The Supreme Court conservative majority held ranks to temporarily stay an OSHA standard that would have made large employers require their employees get vaccinated or wear a mask and test regularly. In a separate 5-4 decision, the court allowed a similar measure to proceed for workers in the healthcare sector. Employment experts weigh in on implications for businesses.
While the policy has been up in the air since it was introduced in November, some believe this to be the de facto final say on vaccine-or-test mandates for large businesses. But other circuits continue to consider the issue. OSHA may come up with new standards. State governments, meanwhile, have leeway to put their own measures in place. CCI asked three experts in employment law to comment on the stay and what it means for employers.
Background on OSHA’s Vaccine-or-Test ETS
The Occupational Safety and Health Administration (OSHA) issued an Emergency Temporary Standard (ETS) on November 4 forcing businesses with 100 employees or more to require their workforces to either get vaccinated or wear masks and test weekly. The Fifth Circuit Court of Appeals placed a temporary stay on the ETS the following day. That temporary stay was extended, and challenges to the standard began to proceed through several levels of the judiciary system.
While the Fifth Circuit has blocked the OSHA vaccinate-or-test mandate ETS, other courts continue to determine its constitutionality. Insights from Caleena S. Braig of @MoyeWhite #VaccineMandate #OSHA https://t.co/S2gjvxDXU6
— Corporate Compliance Insights (@cci_compliance) November 18, 2021
Caleena Braig, partner at law firm Moye White:
Notably, in granting the stay, the U.S. Supreme Court held in a 6-3 decision that the challenge to the ETS is likely to succeed on the merits because OSHA lacked the authority to issue the ETS mandate. The court explained that OSHA is allowed to “set workplace safety standards, not broad public health measures.” Because the risk of contracting COVID-19 is not only in the workplace but also in many other public settings, COVID-19 “is not an occupational hazard.” Thus, the court held that allowing OSHA to broadly regulate “the hazards of daily living” would expand OSHA’s authority beyond what Congress allows.
While likely indicative of what may come, the Supreme Court’s decision is not the final say. Instead, the court directed the Sixth Circuit to consider the substantive validity of the ETS. But, with the stay in place, employers have additional time to prepare for compliance should courts uphold the ETS, which appears unlikely. Because of the court’s decision, OSHA may issue a new or limited ETS on the subject matter.

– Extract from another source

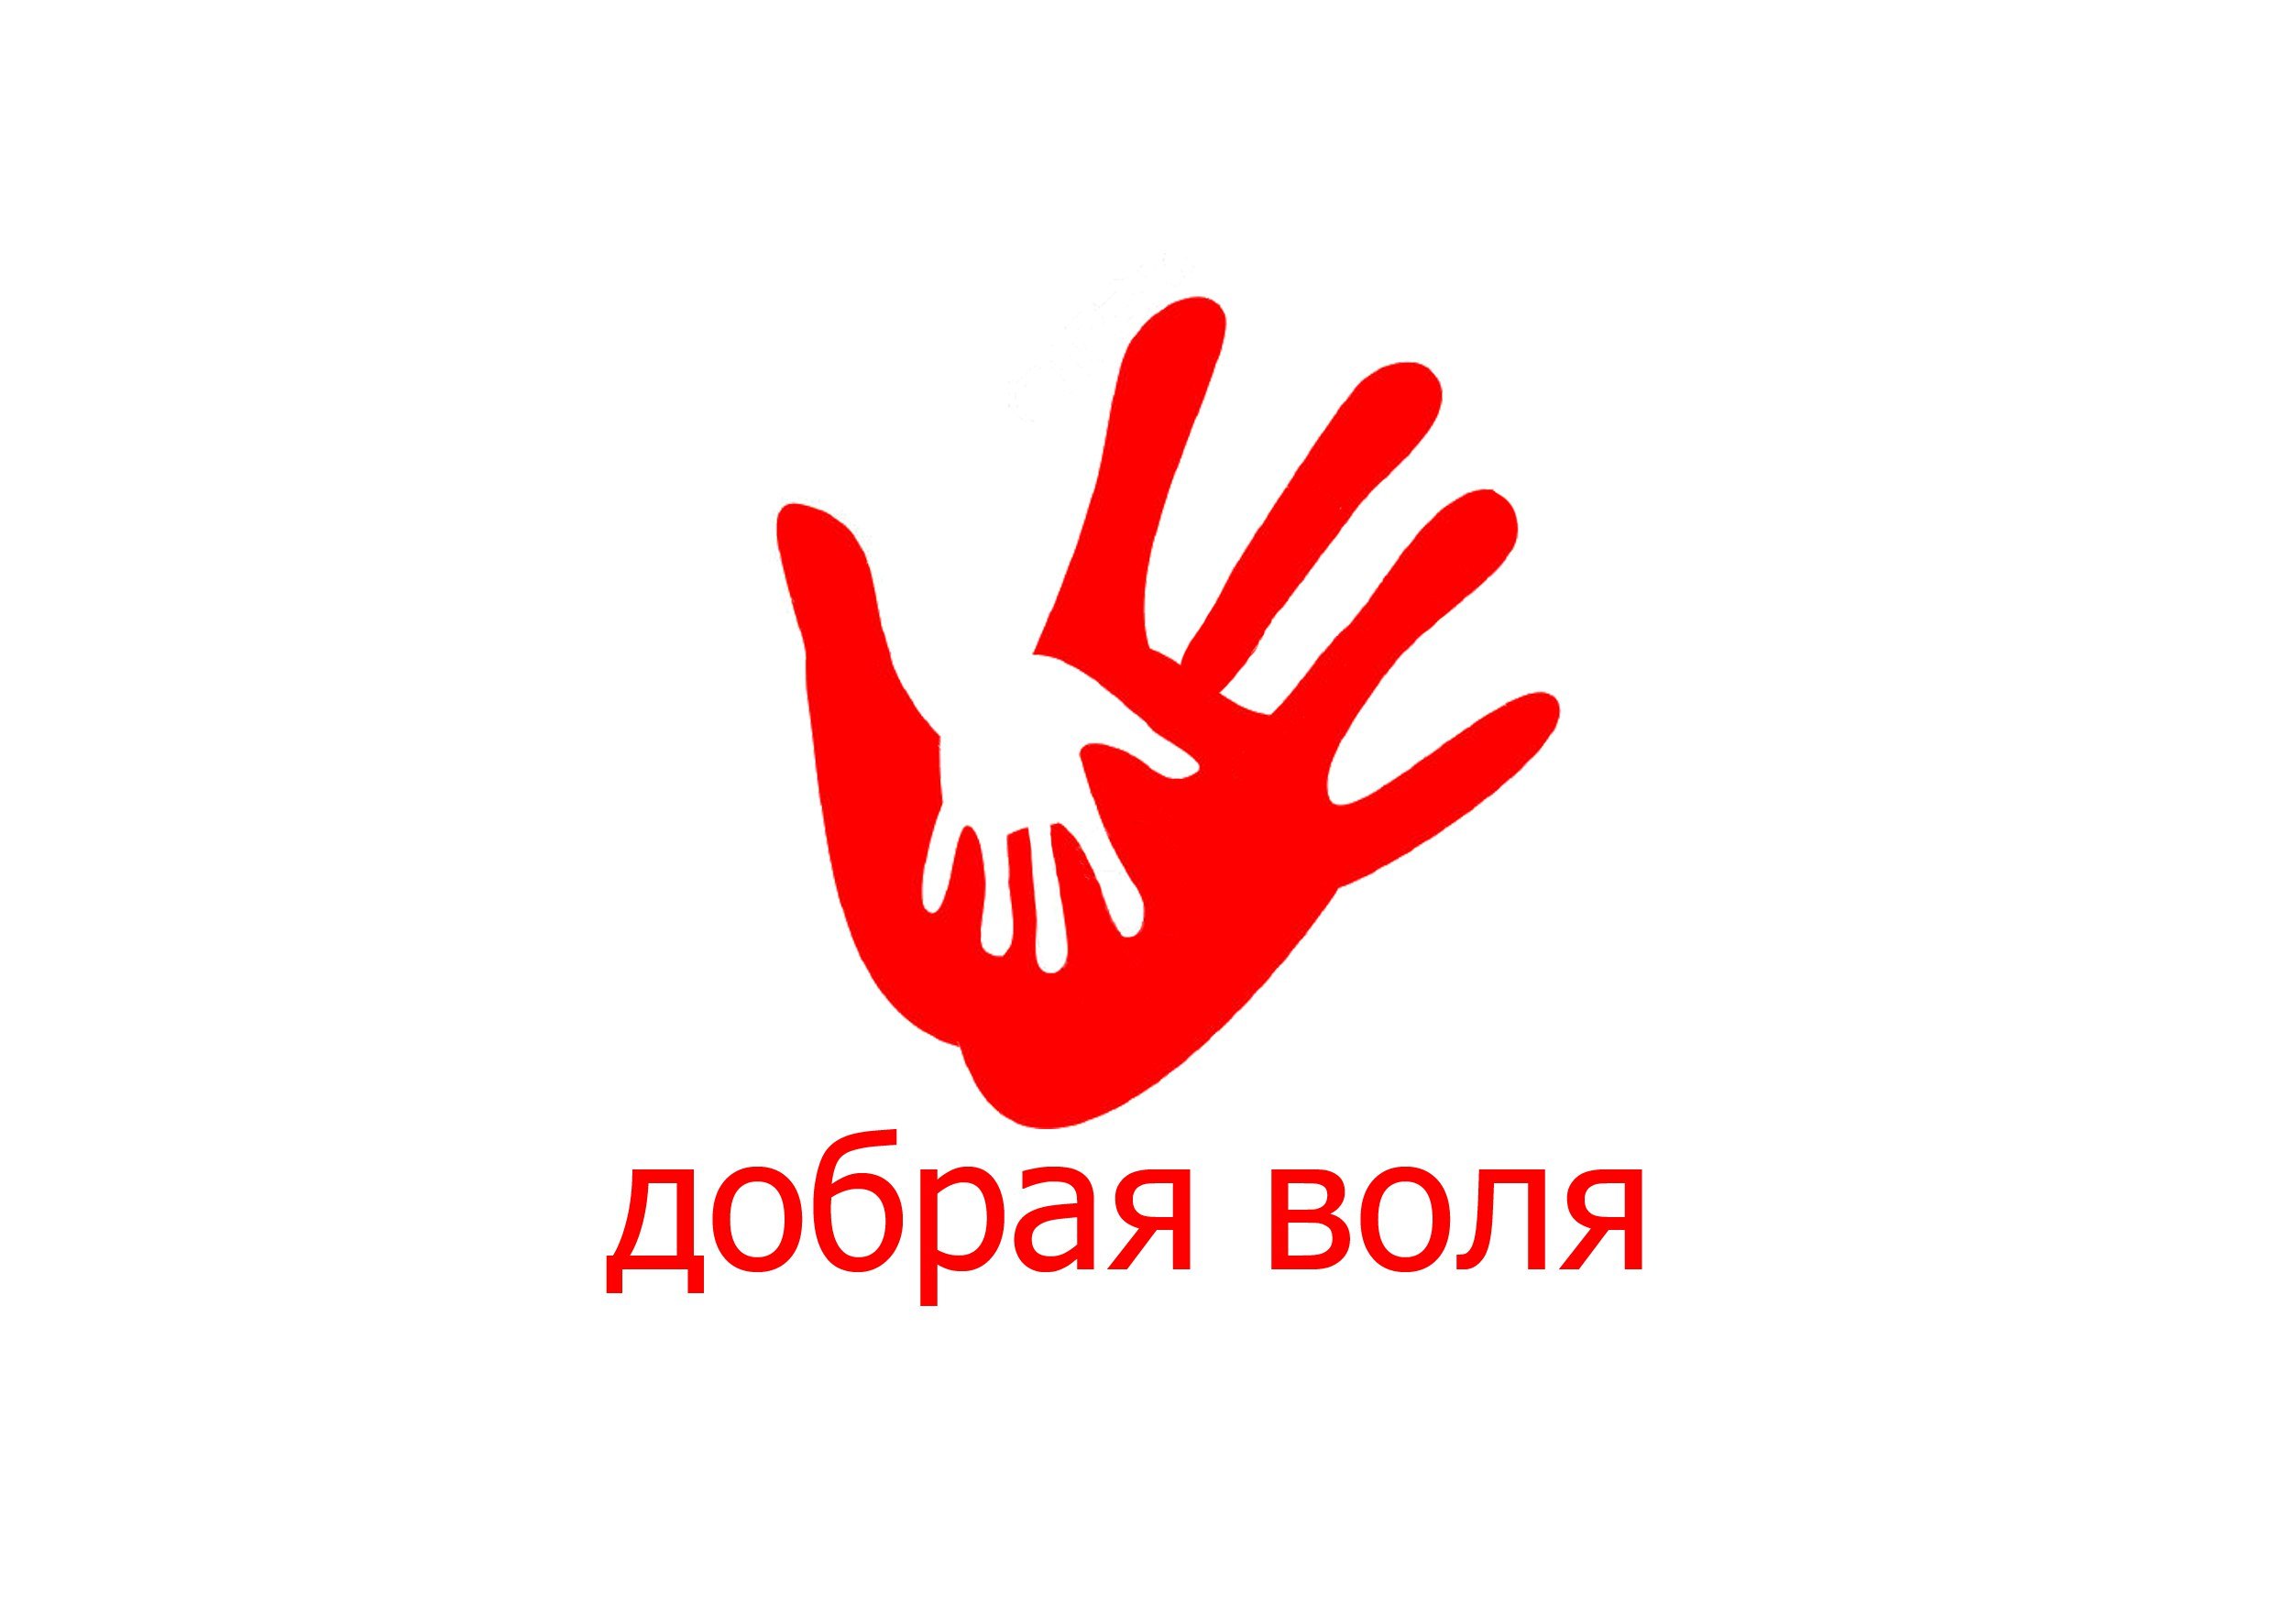 Картина волонтера. Символ волонтеров. Символ волонтеров России. Эмблема добровольцев. Логотип волонтерского движения.
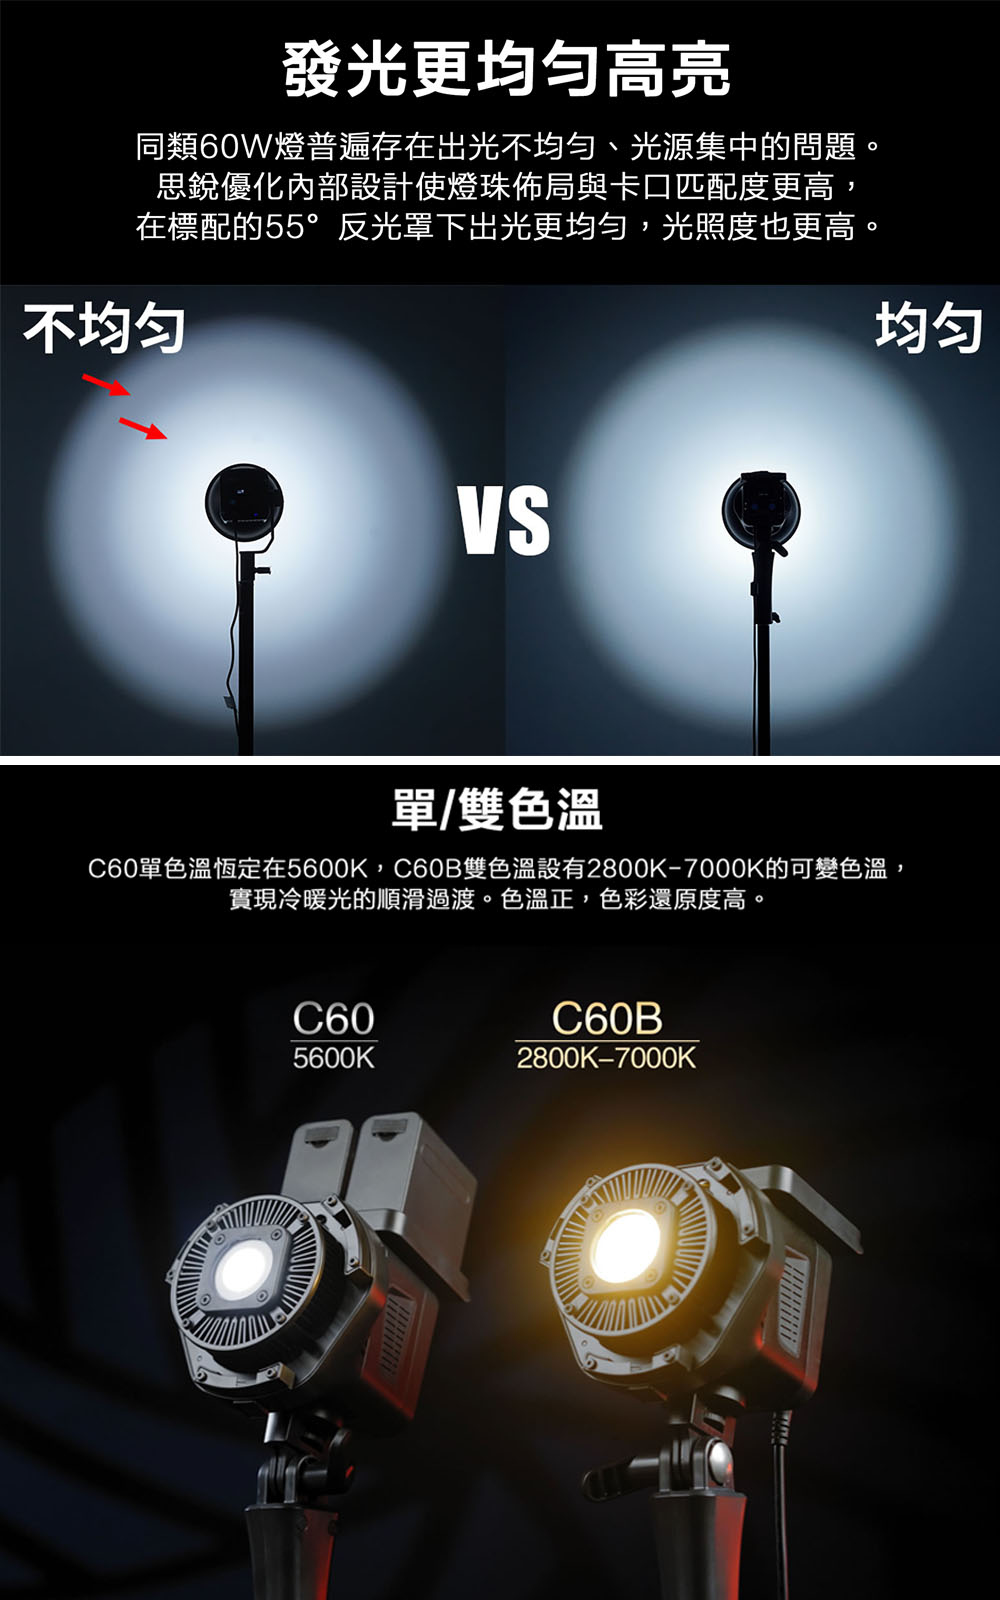 3期怪機絲Sirui C60B 雙色溫LED攝影燈20dB 保榮卡口60W 錄影拍照直播

Further, the court’s decision does not affect state and local COVID-19 vaccination and testing requirements. Employers are not in the clear yet and should continue to monitor updates until there is a final resolution on this matter. Companies need to continue to comply with all local and state regulations regarding COVID-19 testing, vaccine protocols and sick leave. Leaders should have plans in place in the off chance the ETS is actually passed to ensure they don’t fall victim to violations.
Zachary Busey, shareholder in Baker Donelson’s Labor & Employment Group:
OSHA’s ‘Vaccine or Test’ (Emergency Temporary Standard) was once again stayed by the Supreme Court, and it is a nationwide stay. The stay will remain in place until the final disposition of all litigation. As a result, although the Sixth Circuit might issue additional rulings or decisions regarding the ETS – and, perhaps, even rule in favor of it – this will not impact the Supreme Court’s stay. The Supreme Court’s stay, as a practical matter, will remain in effect longer than the ETS, which expires in May 2022. The Supreme Court, in all, has (effectively) struck down the ETS.
Carrie Urrutia, member in Eastman & Smith’s Labor & Employment practice:
OSHA’s ETS has been stayed by the U.S. Supreme Court in an opinion that makes clear the ETS will not be reinstated by a lower court. The Supreme Court concluded, in a 6-3 decision, that Congress never granted to OSHA the power to regulate public health dangers; it only has the power to regulate occupational health dangers.
The court’s opinion does not infringe upon a private employer’s ability to impose COVID-related rules (i.e., masking, vaccination, testing, etc.) and many employers may elect to continue mandating enhanced safety requirements – including requiring vaccinations – given the recent spike in COVID-19 cases in most areas. The obligations imposed by OSHA’s ETS, however, are no longer in place, which will be a relief to many employers who were legitimately concerned about employees quitting in an already difficult labor market.
Notwithstanding the Supreme Court’s decision, employers should keep in mind that OSHA still has the power to regulate, through its General Duty Clause, safety in the workplace. For those workplaces where circumstances create a unique risk of contracting COVID-19, employers remain obligated to take such actions as are reasonable and appropriate to protect workers. Further, individual states also have the power to address the public health issues presented by COVID-19. Finally, employers should be mindful that their customers may also make demands on the employer’s work environment and its employees. The Supreme Court’s decision has not eliminated the myriad practical issues facing employers across the country that are trying to remain productive and profitable while also keeping their employees safe.